## Task description
A verbatim reproduction of the following listing is required; omit the pictures.

## Provided material

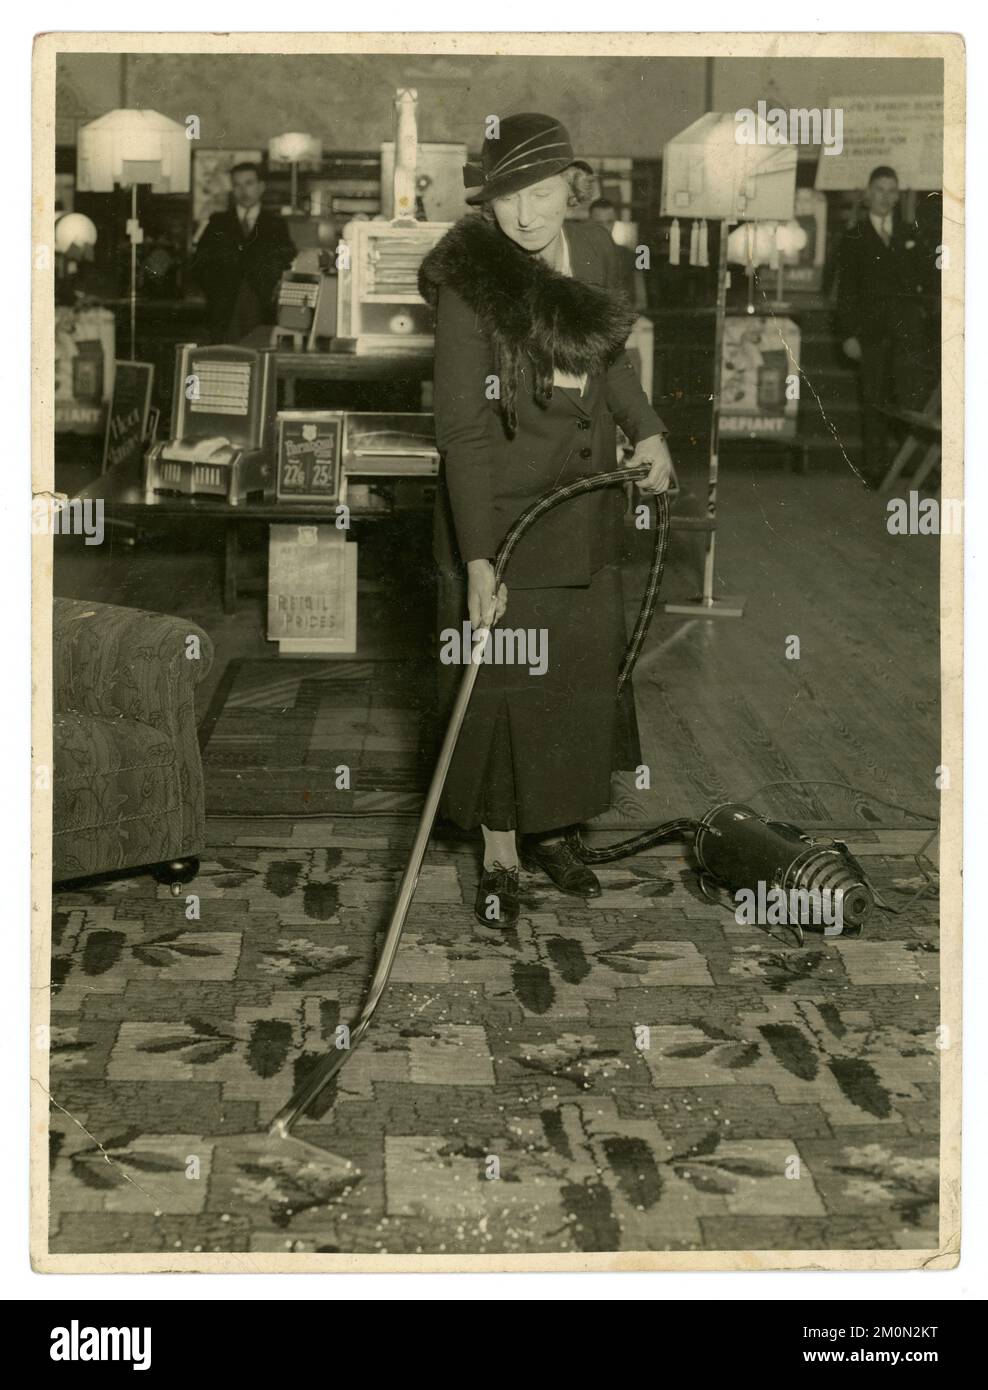 Original 1930's era press release from an electrical household goods showroom, maybe in-store demonstration in a department store, by smartly dressed woman demonstrator -  staff or customer, demonstrating using a vacuum cleaner in U.K. furniture shop showroom, early labour saving housework device, UK circa.1933. Stock Photo
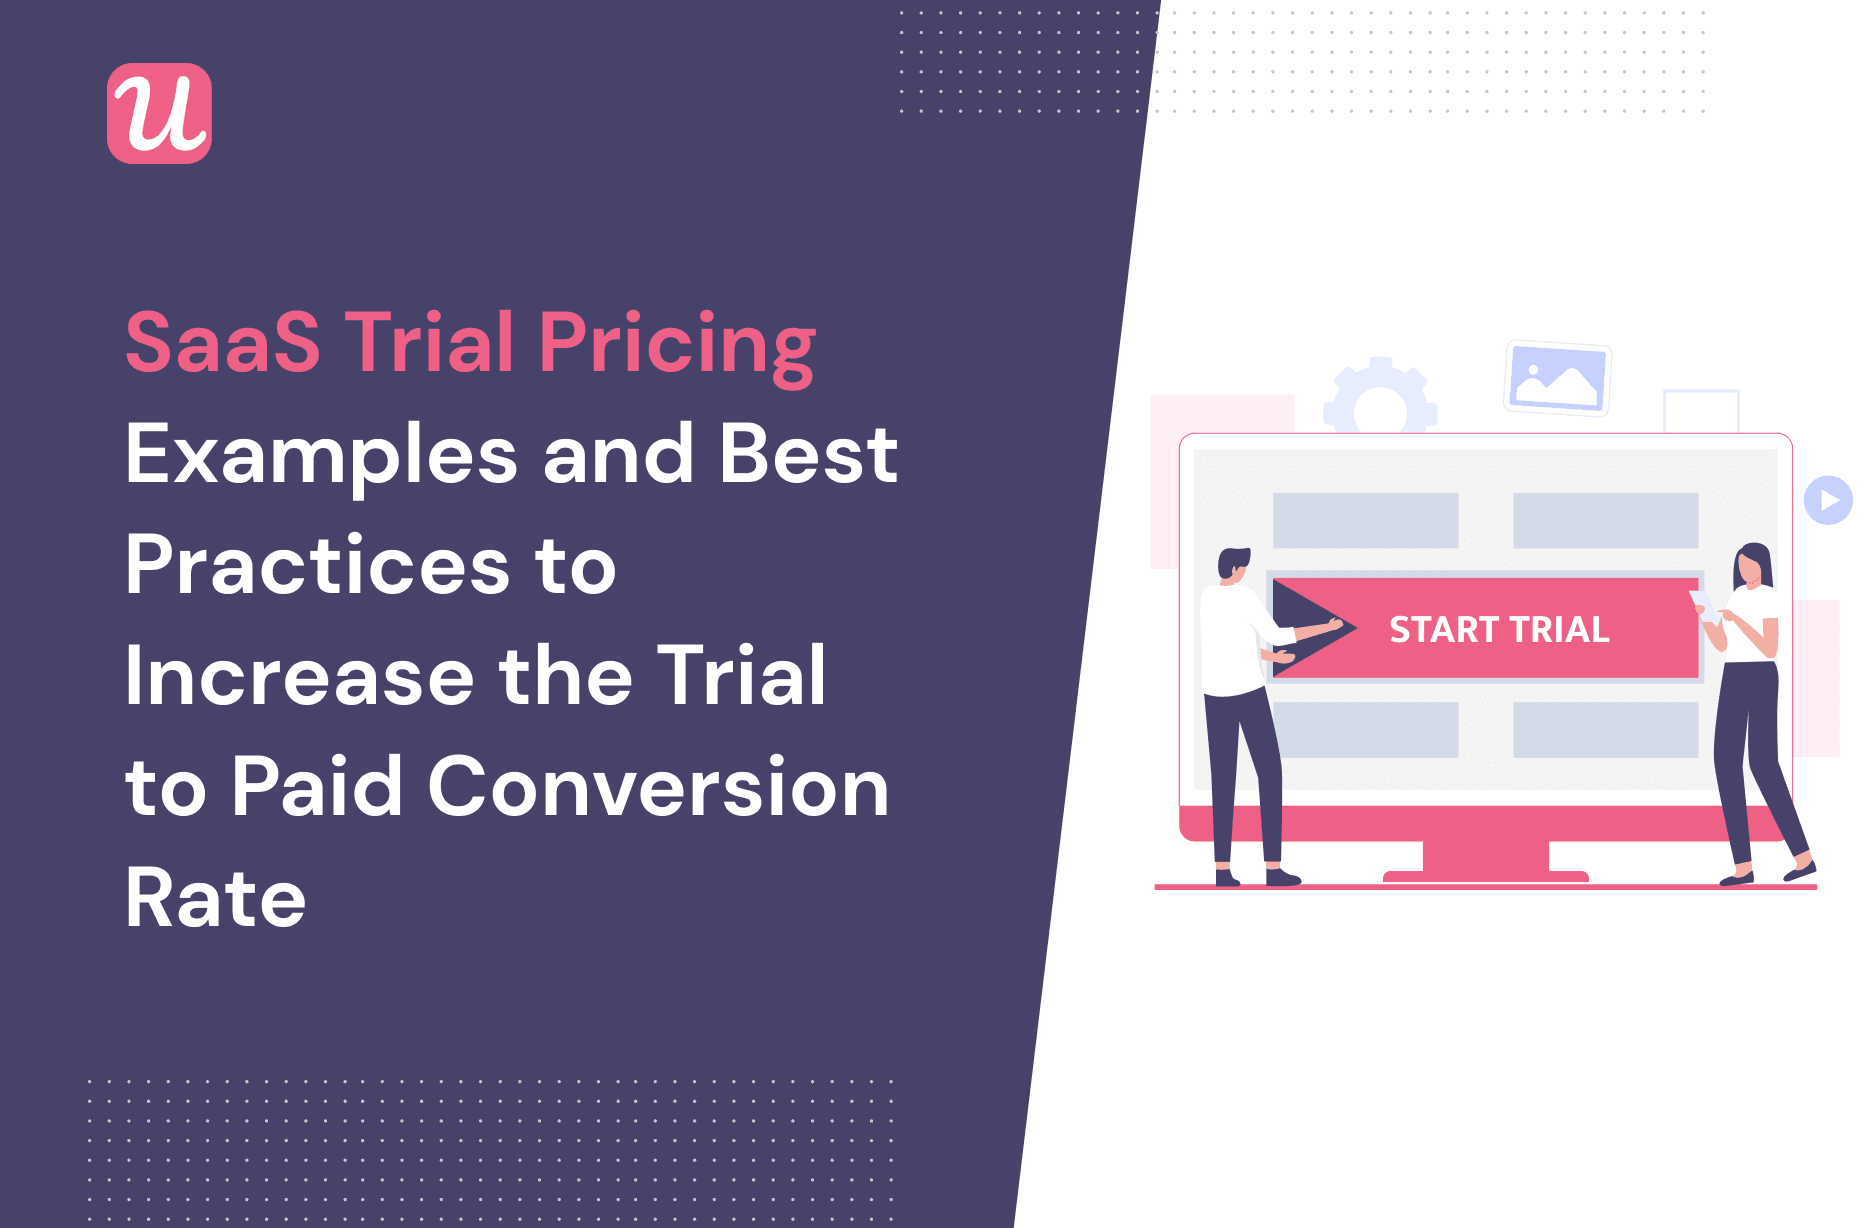 SaaS Trial Pricing: Examples and Best Practices
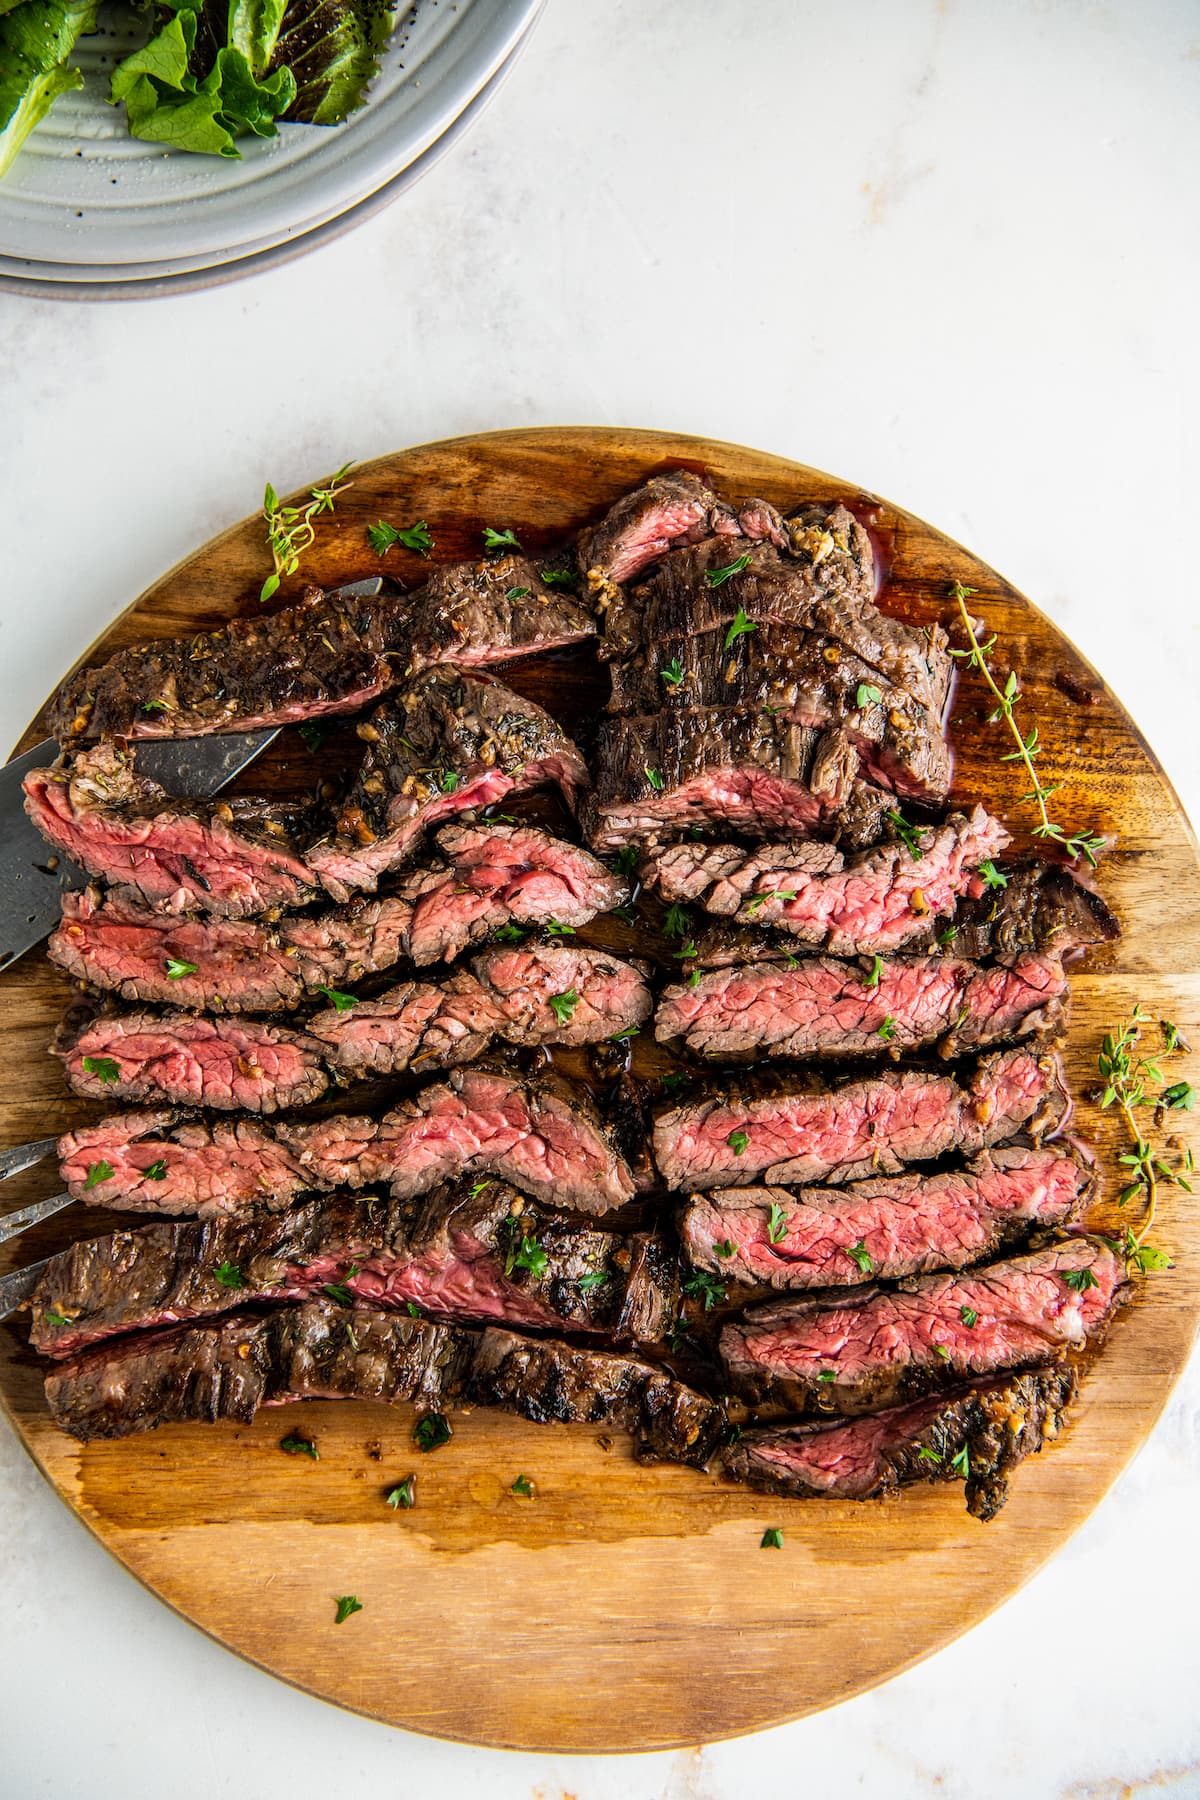 Overhead view of skirt steak resting on a cutting board, cut into slices
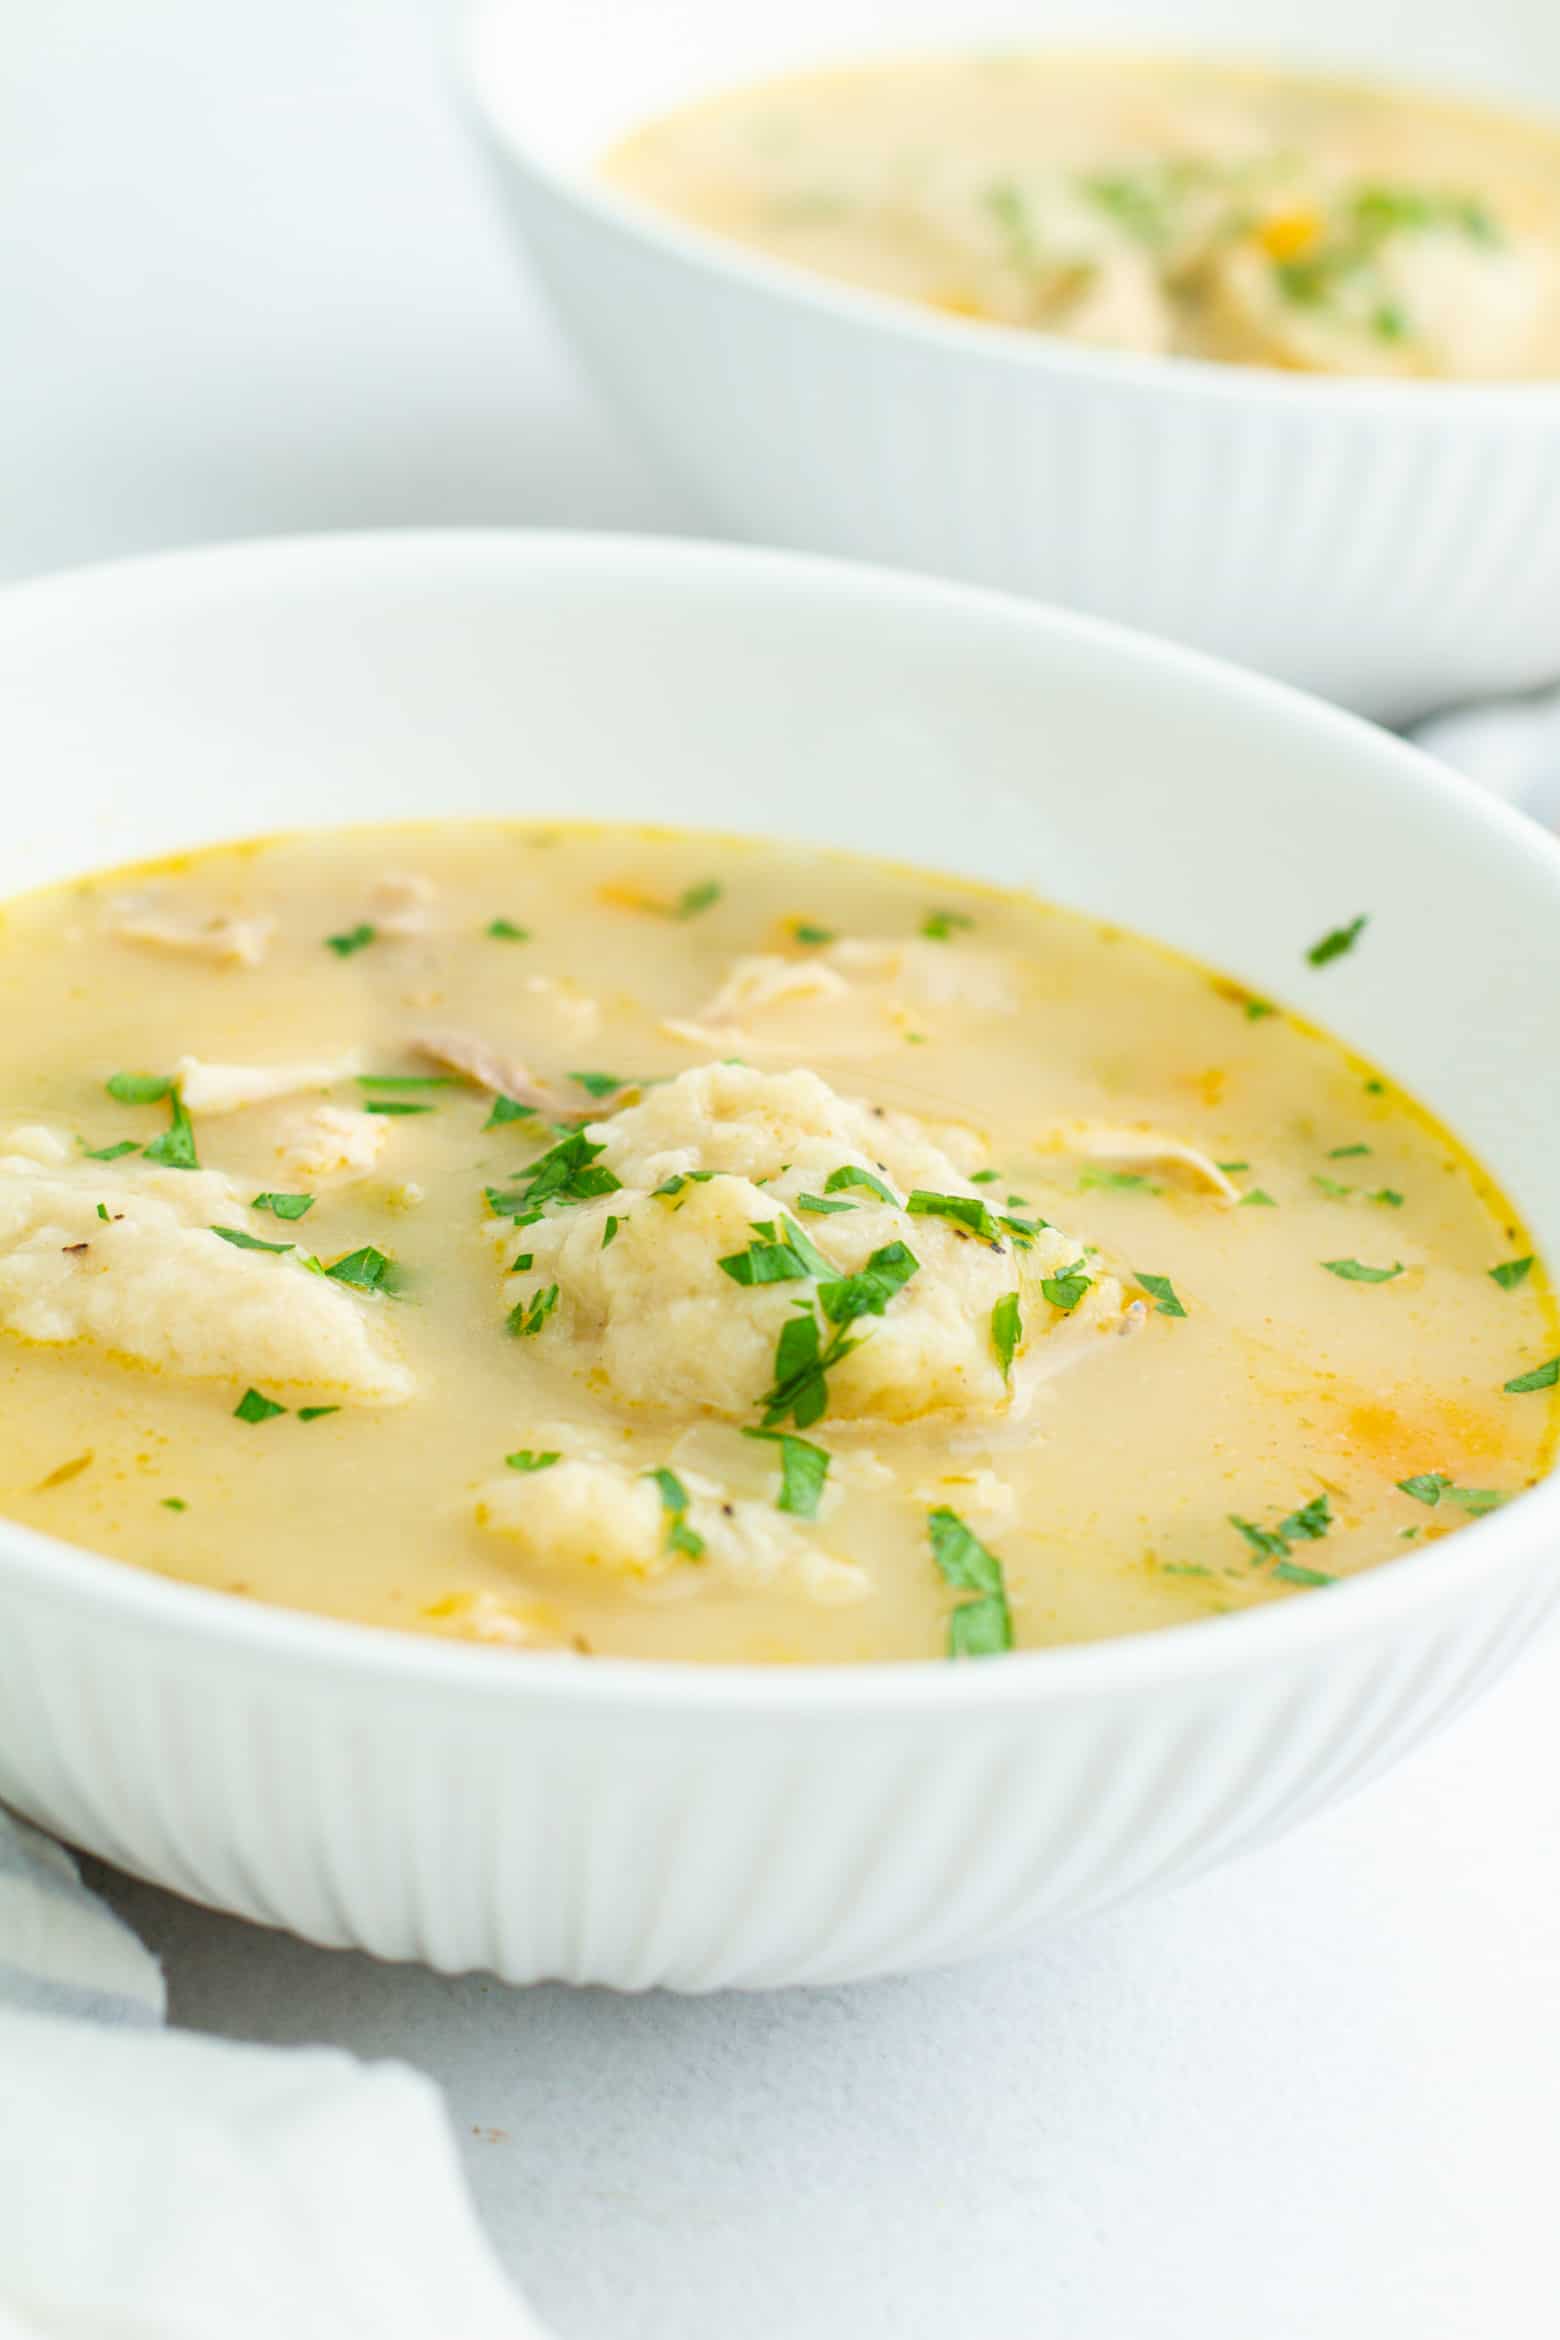 Chicken and dumplings in a bowl.

## Task answer
 Original 1930's era press release from an electrical household goods showroom, maybe in-store demonstration in a department store, by smartly dressed woman demonstrator -  staff or customer, demonstrating using a vacuum cleaner in U.K. furniture shop showroom, early labour saving housework device, UK circa.1933. Stock Photo
 SaaS Trial Pricing: Examples and Best Practices
 Overhead view of skirt steak resting on a cutting board, cut into slices
 Chicken and dumplings in a bowl.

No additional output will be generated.